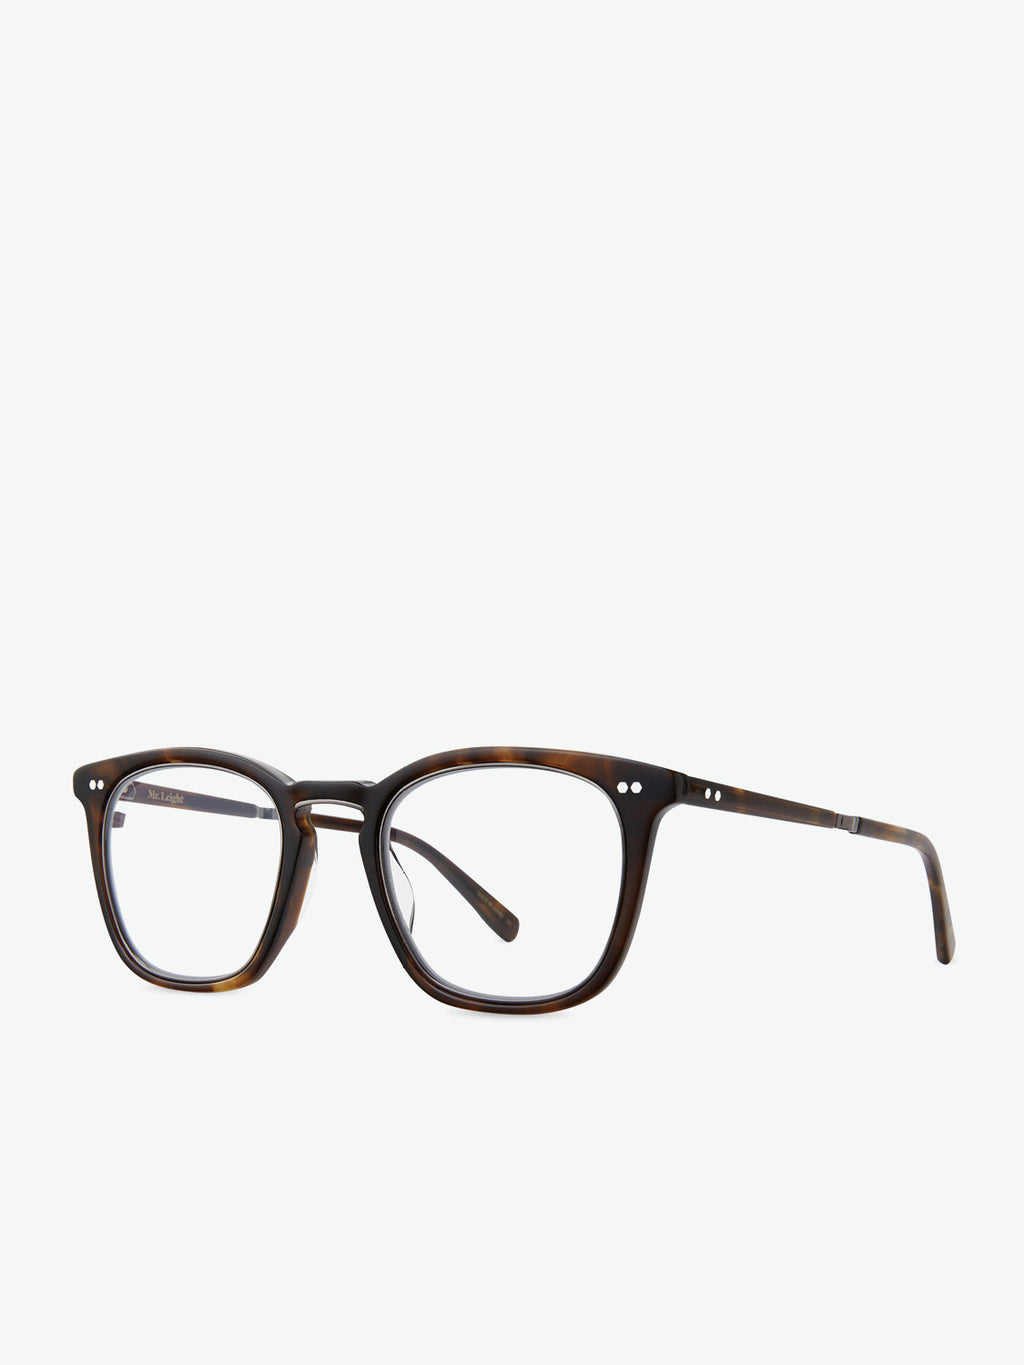 Mr. Leight | Men's Sunglasses | The Project Garments
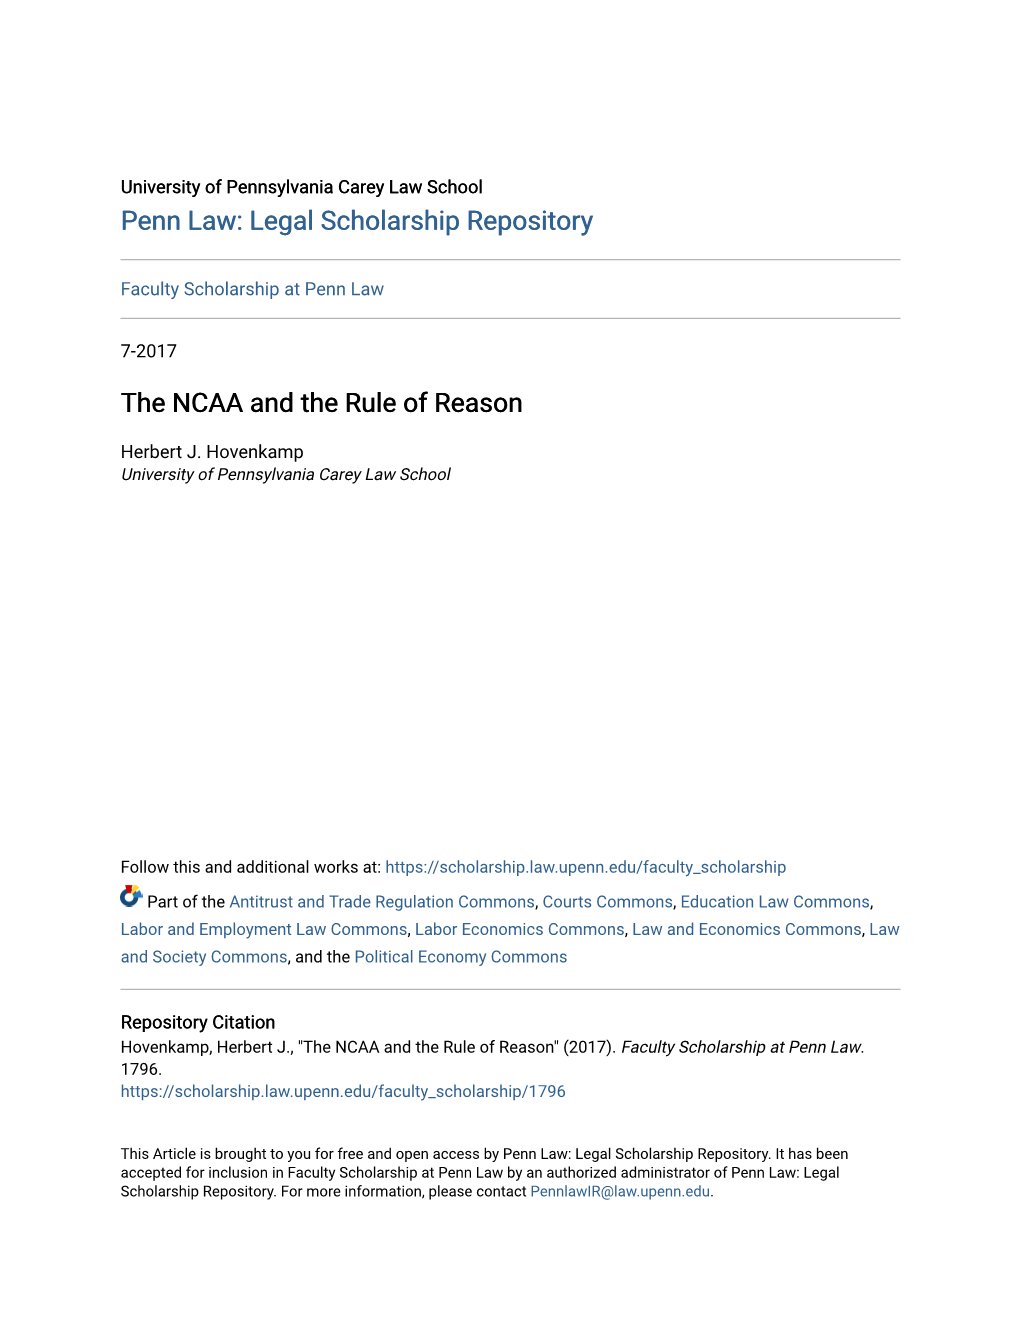 The NCAA and the Rule of Reason
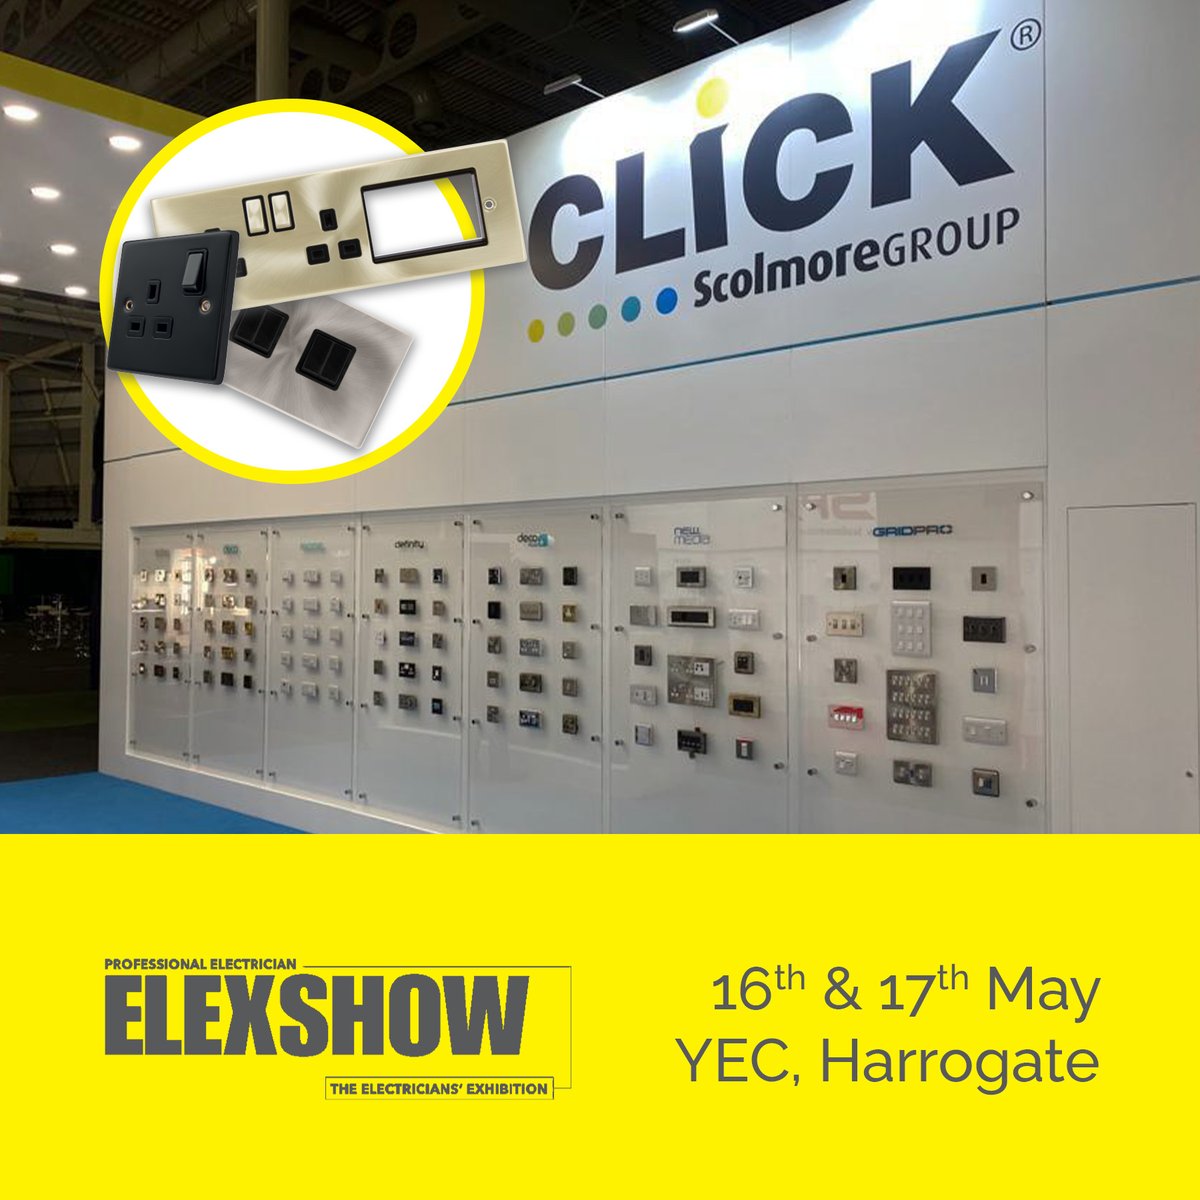 📅 We're just 4 weeks away from @Elexshow in Harrogate! The friendly experts from #ClickScolmore will be there to answer your wiring accessory questions 🙋 Follow the link to register for your FREE entry 👇 ⚡ registration.hamerville.events/exf/no1pkpq5eu… #Elex #ElexShow #ElexHarrogate

+ + + + + + +

Exercise
With pictures omitted, copy exactly the lines from the one containing "The NCAA and the Rule of Reason" through the final line of the listing, both included.

Solved exercise
 The NCAA and the Rule of Reason
 📅 We're just 4 weeks away from @Elexshow in Harrogate! The friendly experts from #ClickScolmore will be there to answer your wiring accessory questions 🙋 Follow the link to register for your FREE entry 👇 ⚡ registration.hamerville.events/exf/no1pkpq5eu… #Elex #ElexShow #ElexHarrogate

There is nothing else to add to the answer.